Adoption, however, remains a work-in-progress despite the boom, with e-scooters accounting only for 2.5% of scooter registrations in 2016. Part of Gogoro’s success is due to the Taiwanese subsidy for e-scooters; purchasers in New Taipei City could obtain subsidies of NT$24,000 (about US$760) for new purchases, with an extra NT$3,000 (roughly US$95) if they are replacing petrol-powered motorcycles (subsidy varies by municipality).

 

Cities goes bike-sharing

Parallel to the two-wheeler EV shift, Taiwan in 2011 began promoting bike-sharing via its homegrown scheme YouBike. The plan has put Taipei on track to building more than 500km in terms of cycling network, according to a report by the Centre for Liveable Cities Singapore and the Urban Land Institute Asia Pacific.

By 2018, Taiwan aims to allow citizens access to any one of 400 YouBike stations within a 10-minute walk from anywhere in Taipei. The push will accelerate given the entry of Singaporean bike-sharing start-up oBike which last April launched its services in Taiwan’s Taitung city.

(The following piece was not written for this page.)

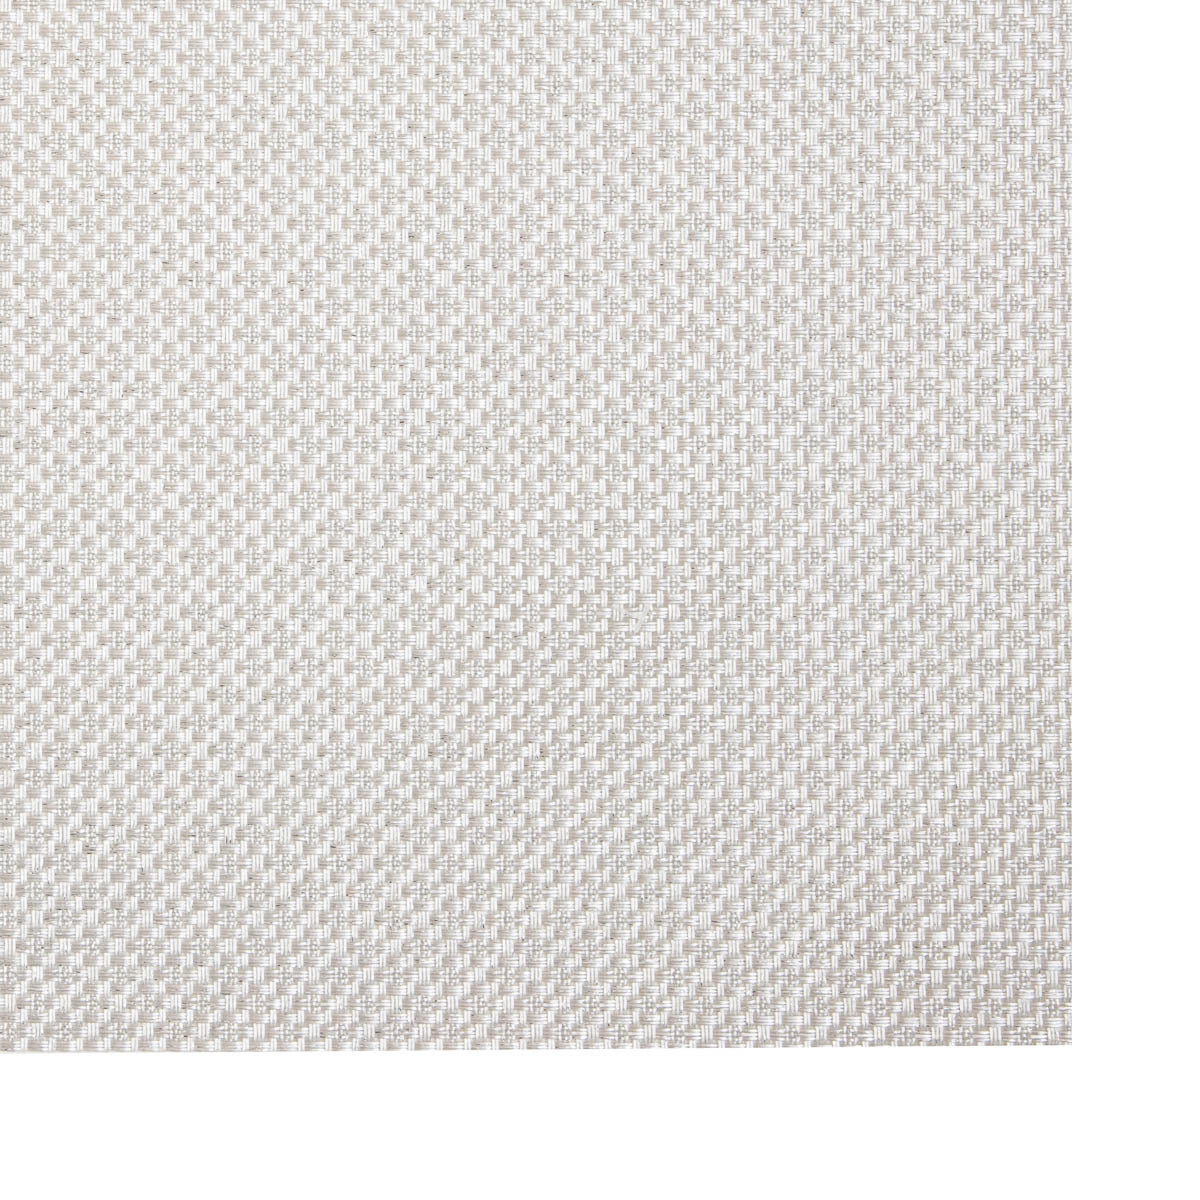 Suport de Farfurii pentru Masa Glamo Argintiu 30x45 cm

oBike is looking at a potentially large market given 5% of urban mobility in Taipei already involve bicycles, with 50% of cyclists being women. By 2020, the Taipei government aims to achieve a 12% modal share for bicycles.

 

Driverless electric shuttle

The next phase will likely be to shift more commuters from the roads onto mass rapid transit system (MRT) lines to further reduce vehicles on the road.

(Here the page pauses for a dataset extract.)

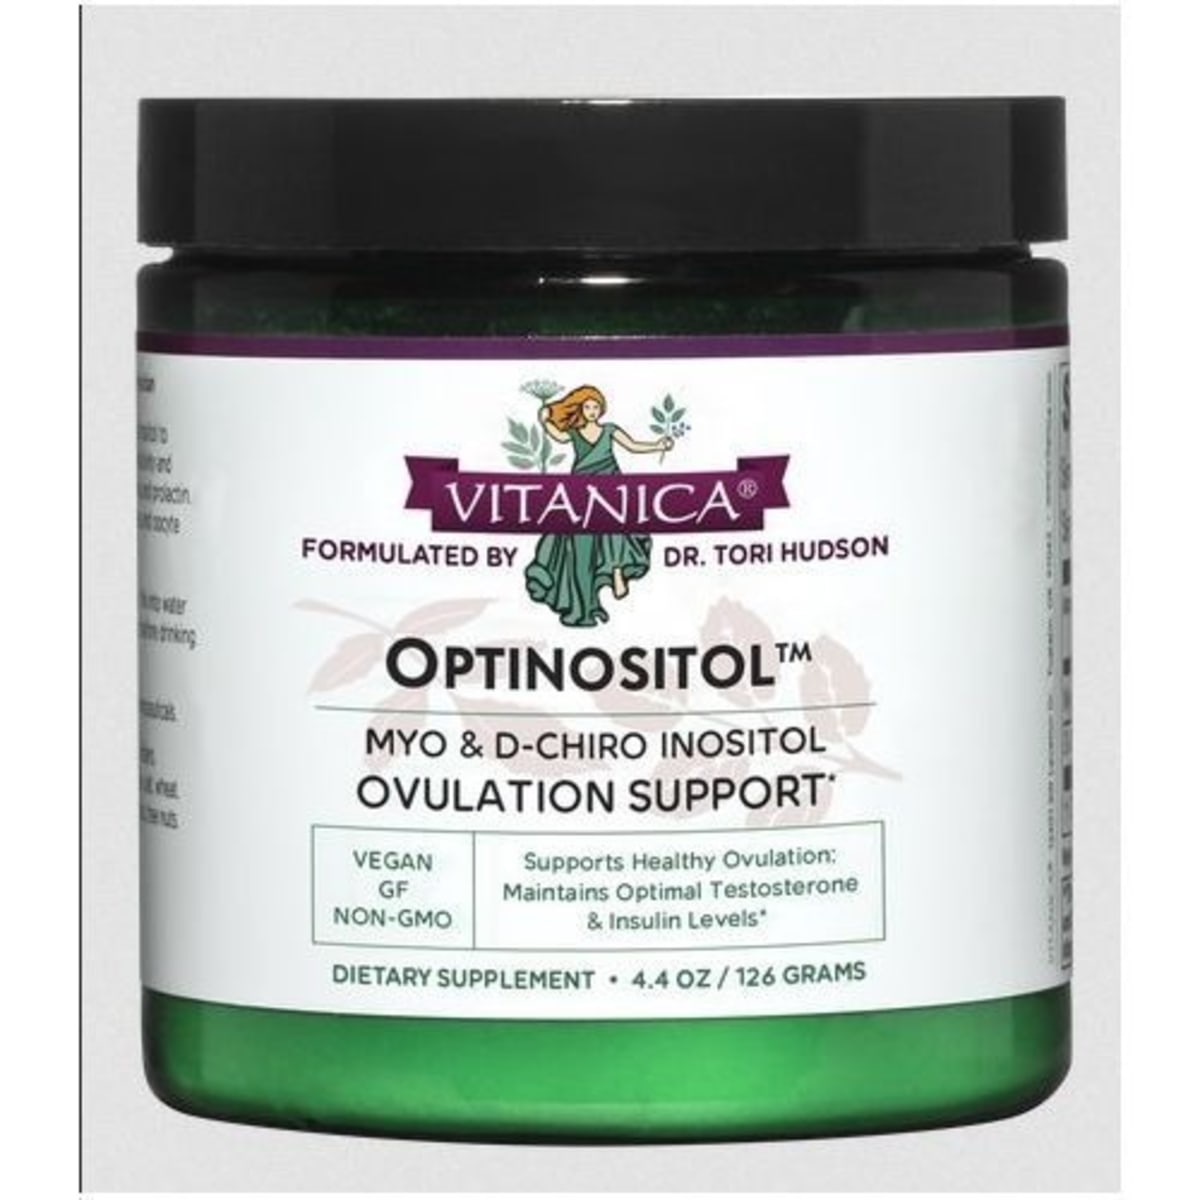 Premium Inositol Supplement - Myo-Inositol and D-Chiro Inositol

Taiwan currently has three metro systems across Taipei, Kaohsiung and Taoyuan, with the latter recently opened in March this year. One more is under construction Taichung, while proposals for two others were declined for now.

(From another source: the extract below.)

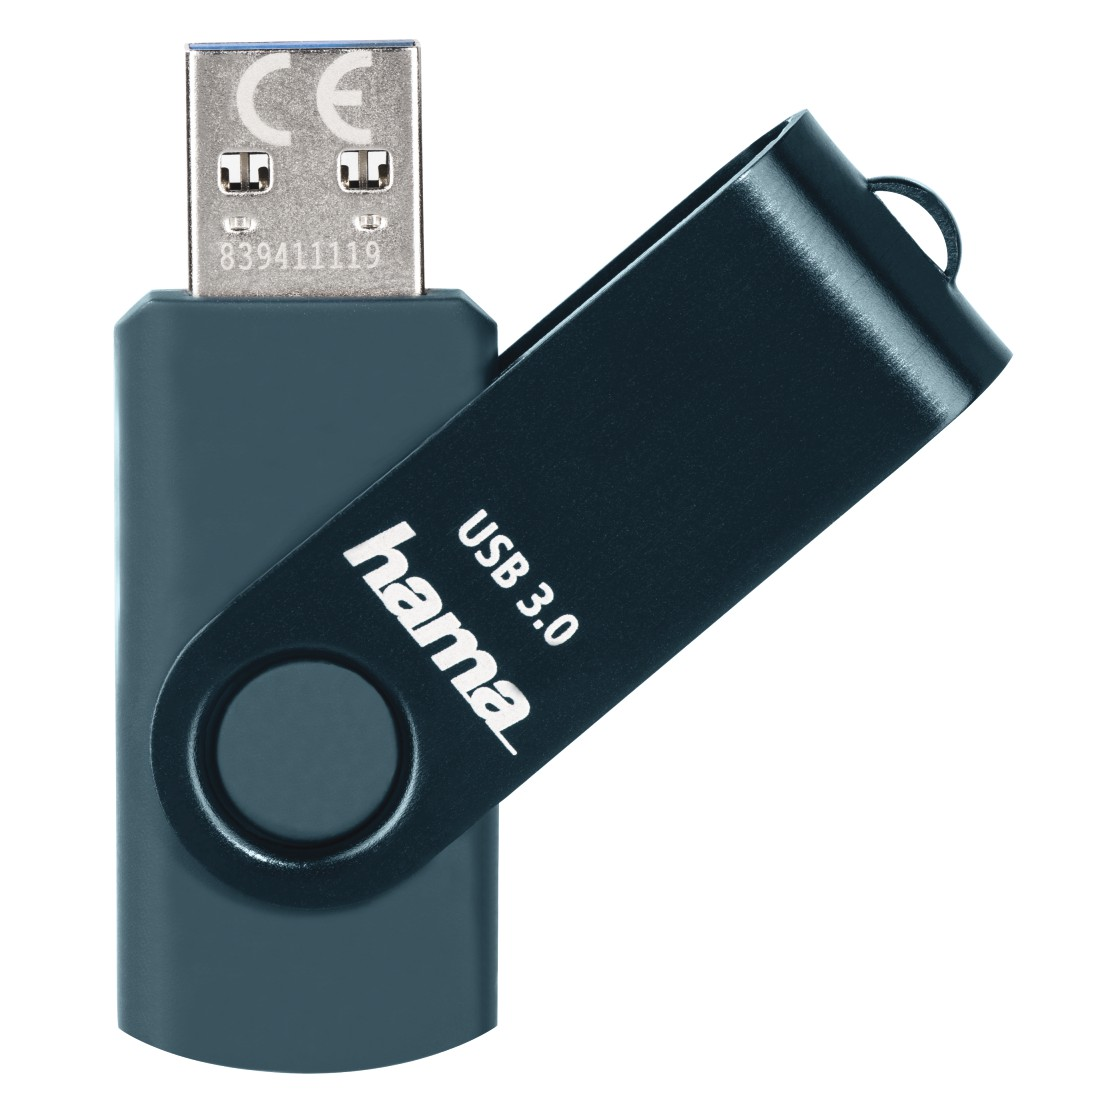 HAMA Rotate USB-Stick, 64 Blau Petrol MB/s, 70 GB

A crucial gap to address will be the first-mile, last-mile connectivity to promote the use of the MRT lines. This is where autonomous shuttle vehicles fit in and that reality already looms.

On May 26, Taiwan welcomed EZ10, the first Level 4 autonomous shuttle as part of a collaboration between the National Taiwan University (NTU) and global consultancy firm 7Starlake.

The driverless shuttle will undergo test runs in July over two phases in NTU campuses. EZ10s may be used to provide short-distance connectivity in university campuses, factory plants and airports, among others.

 

Why it matters

Taiwan’s transportation challenges has some parallels with the Malaysian scene. The Taiwan case may provide an interesting study in how Malaysia could ramp up its own efforts to tackle sustainable mobility.

Both has popular preference for personal cars: Taiwan’s total industry volume (TIV) in 2016 was 439,269 units for a population of 23.5 million (2016 estimate), not far from Malaysia’s 580,124 (population 31.5 million).

The solutions being pursued somewhat differs, however. Malaysia is focusing on expanding its land public transport (LPT) network to eventually be within 400 metres of 80% of urban dwellers by year 2030.

In Taiwan’s case, its efforts are focused more on going car-lite via YouBike as well as shifting into sustainable mobility via EV schemes for motorcycles and now looking into driverless shuttles. While there are hints of these beginning in Malaysia, the government has yet to lend its support in a big way: will that change soon?